Final answer:
A hypothesis test was performed using the broker's sample data, comparing the sample proportion to the surveyed proportion of 48.8%. A z-score of 2.51 was calculated, which exceeds the critical z-value range for a 0.05 significance level two-tailed test, leading to the rejection of the null hypothesis, suggesting the survey might be inaccurate.
Step-by-step explanation:
To determine whether the survey can be considered accurate, we perform a hypothesis test using the broker's sample data. The null hypothesis is that the true proportion of families owning stock is equal to 48.8%, as stated by the survey. The alternative hypothesis is that the true proportion of families owning stock is different from 48.8%.

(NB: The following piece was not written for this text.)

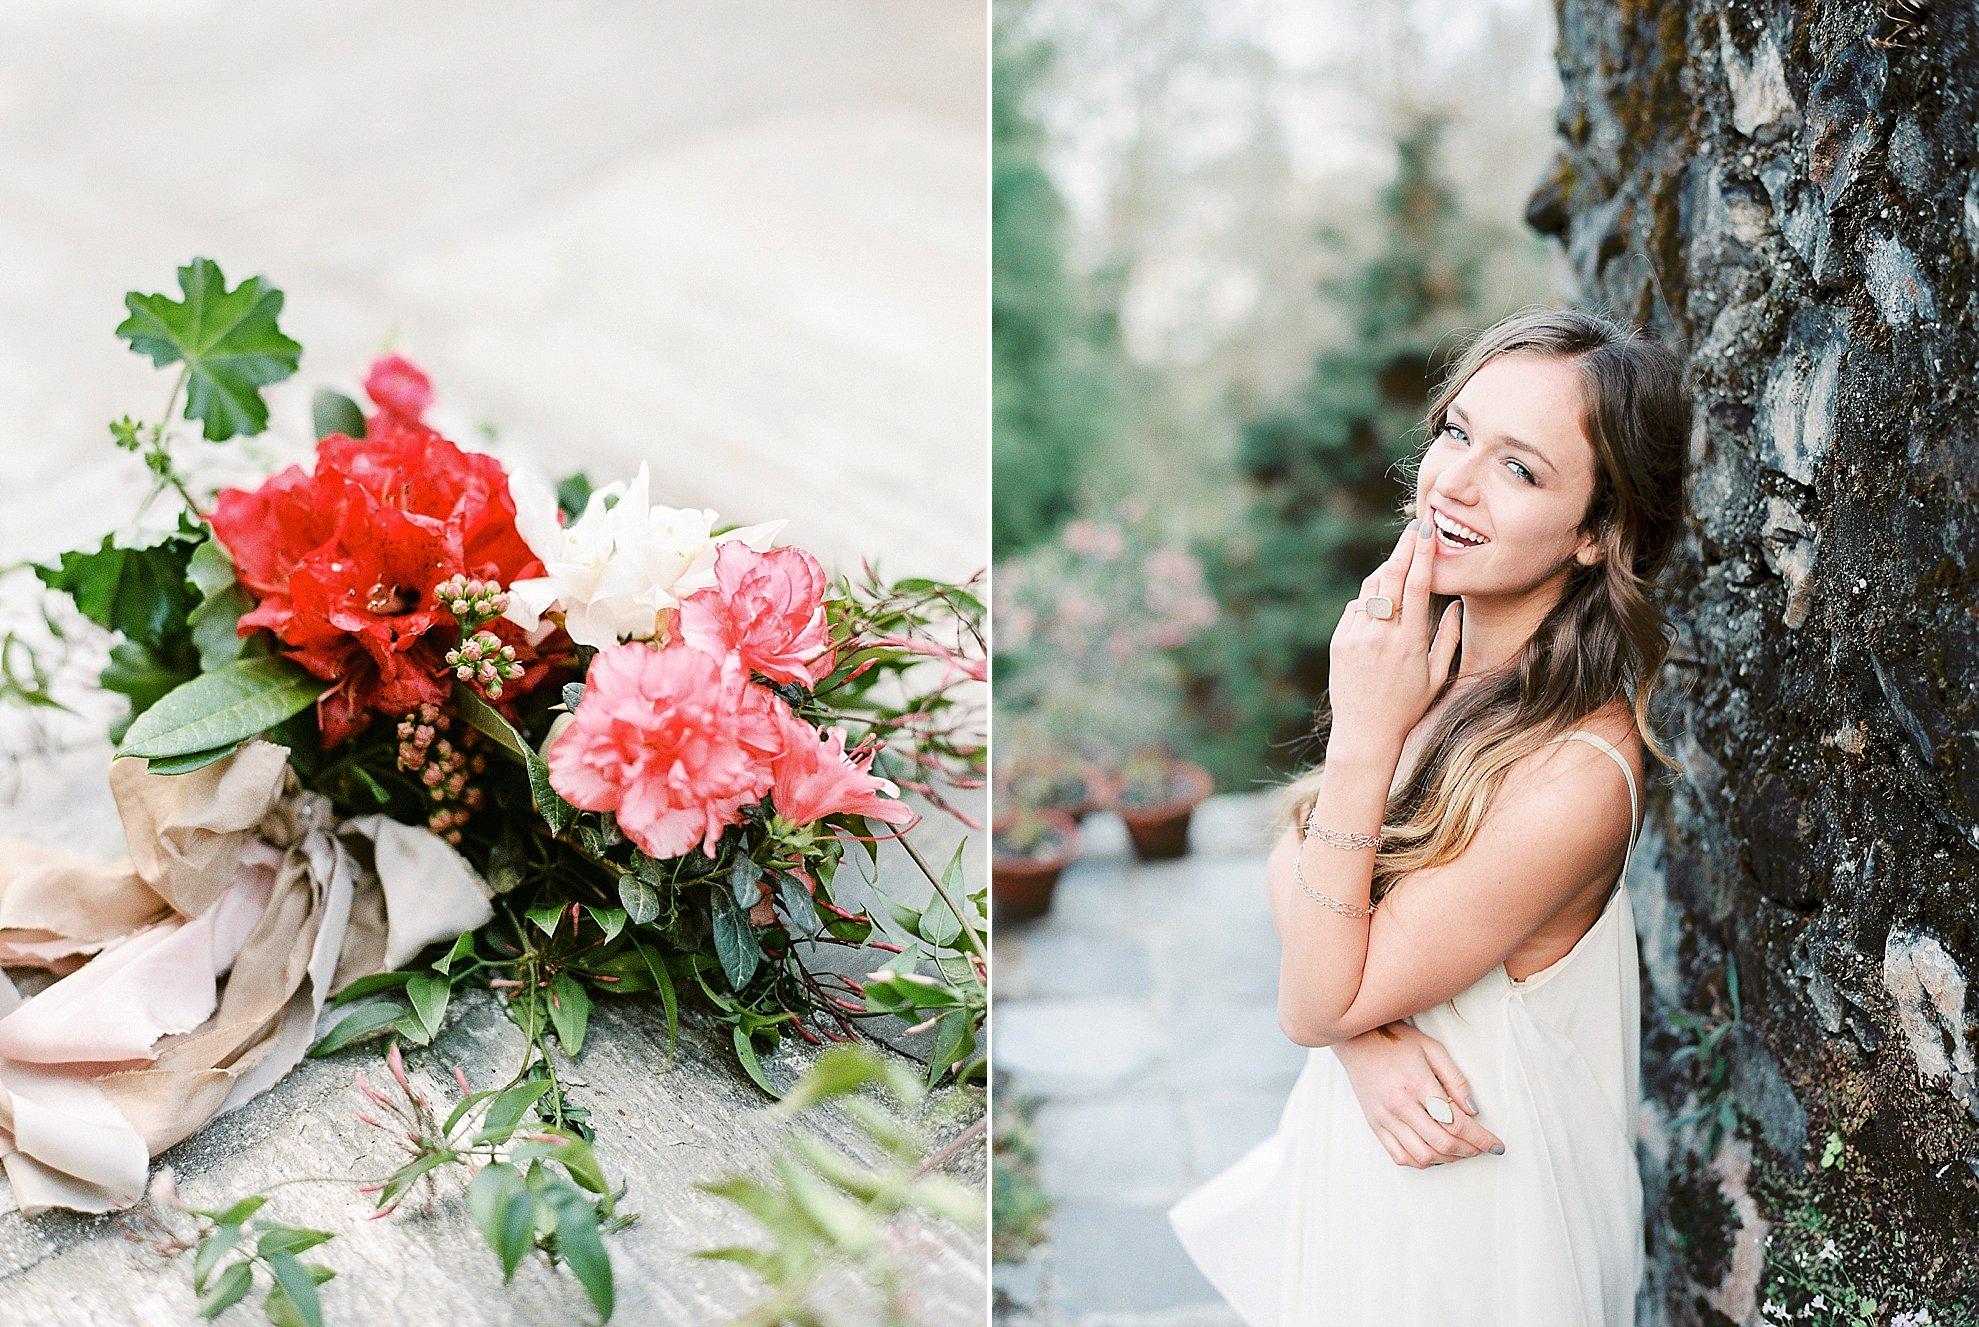 Bianca-Rijkenbarg-fotografie-for-this-romance-bruidsinspiratie-blog_0017

The sample proportion (p-hat) is calculated by dividing the number of families owning stock in the sample (142) by the total number of families in the sample (250), which is 0.568 (56.8%). To perform the hypothesis test, we use the standard error of the proportion, which is given by the formula SE = sqrt(p(1-p)/n), where p is the proportion from the survey and n is the sample size. In this case, SE = sqrt(0.488(1-0.488)/250) = 0.0319.
Next, we calculate the z-score, which tells us how far the sample proportion is from the hypothesized proportion in terms of standard errors. The z-score is given by (p-hat - p) / SE. For our data, the z-score is (0.568 - 0.488) / 0.0319 = 2.51.
At the 0.05 significance level, we look at the critical z-values, which are approximately -1.96 and 1.96 for a two-tailed test. Since our calculated z-score of 2.51 is outside this range, we reject the null hypothesis, meaning the survey result of 48.8% could be inaccurate based on the broker's sample.